A minha mãe havia
nascido numa aldeia perto de Lamego, tinha vindo para Lisboa por intermédio de
umas pessoas conhecidas, para servir como empregada interna na casa de um
advogado. Jovem, ingénua e com pouca formação, após algum tempo de namoro com
um rapaz que trabalhava no porto de Lisboa, engravida. No dia que lhe dá a
notícia…soube que era casado. Na última vez que se encontraram, o meu pai
colocou-lhe no bolso umas quantas notas. E disse-lhe:
− Não, estragues a tua
vida e a minha, vai tirar isso!
As dúvidas, o medo, a insegurança e a solidão
encontraram espaço para entrar e permanecer durante muitos anos. A dor de saber
que não ia poder compartilhar a gestação, e muito menos o nascimento, não a
demoveu...após, muitas
noites sem dormir, muitas perguntas sem resposta, muitas incertezas…, decidiu.
Ia dar à luz este filho.
Quando
os patrões deram pelo «sucedido»; disseram-lhe que podia lá continuar a
trabalhar, mas assim que a criança nascesse deveria arranjar sitio onde dormir.
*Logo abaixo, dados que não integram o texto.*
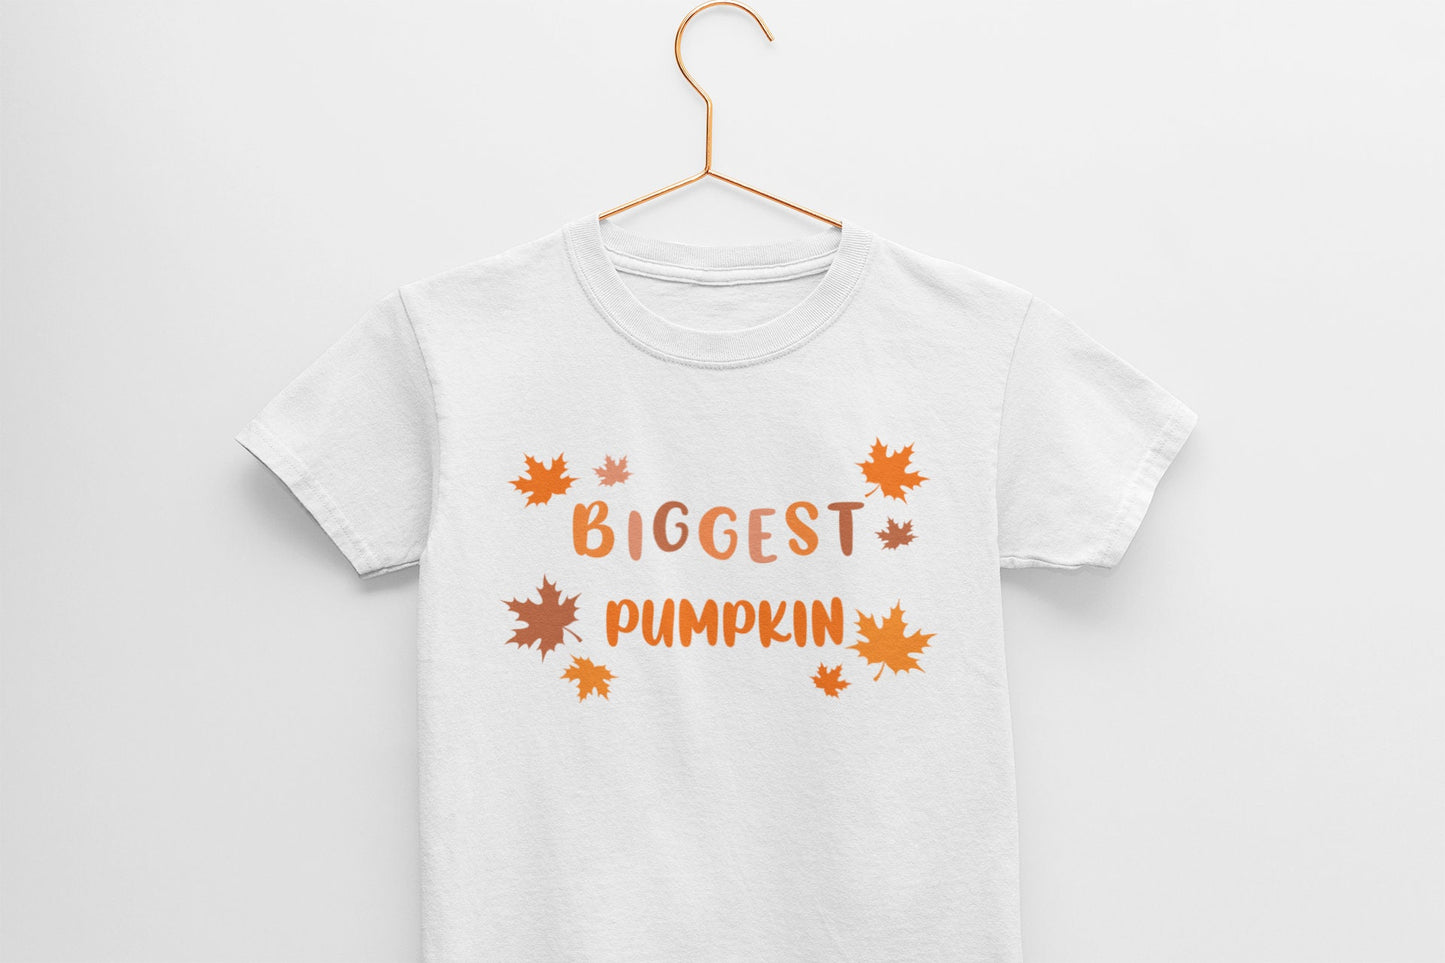 Little Pumpkin, Big Pumpkin, Biggest Pumpkin Baby bodysuit, Custom Halloween Sibling Pack T-shirt, Autumn, Fall, Sister/brother shirts

Pouco antes de eu nascer, não teve outro remédio…senão, procurar, um local onde
pudéssemos os dois viver.
Nasci, onde quase todas
as mães davam à luz, no «aviário» de Lisboa, a Maternidade Dr. Alfredo da Costa.
Ela tinha acabado de fazer vinte anos, alta e magra, de cabelos compridos
pretos, olhos castanhos grandes, apesar de não ser feia, tinha um ar pouco
cuidado.
Passámos a viver, num quarto subalugado, nas
águas furtadas, dum prédio muito antigo e já com alguma degradação, numa rua
estreita e íngreme ao lado do Hospital de S. José. A escada era tão escura e
tão a pique que muitas vezes subíamos de gatas.
Desde que partira da
terra natal, nunca mais tinha ido visitar a família. Escrevia de vez em quando,
nem os meus avós sabiam quem era o meu pai e até pensavam que vivíamos os três.
A velhota, a D.
Joaquina que nos tinha subalugado o quarto, enquanto fui pequeno também tomava
conta de mim, mas agora estava muito velhinha, já precisava era de quem tomasse
conta dela! O que ela queria era que eu me sentasse ao seu lado, no sofá da
sala, com uma mantinha pelas pernas a fazer-lhe companhia. Ela via todas as
telenovelas e queria que eu fizesse o mesmo, mas eu, não achava nenhuma piada
aquelas histórias.
Vezes sem conta…ficava
sozinho, empoleirava-me em cima de um banco na pequena janela, e tentava contar
os carros que avistava no largo do Martins de Moniz, levava comigo uma folha de
papel e uma caixinha de lápis de cor e usava o parapeito da janela para fazer
risquinhos das suas cores e tentava contá-los por cores.
Era um garoto franzino,
de cabelos pretos, olhos grandes, carente, muito carente de bens e de afecto.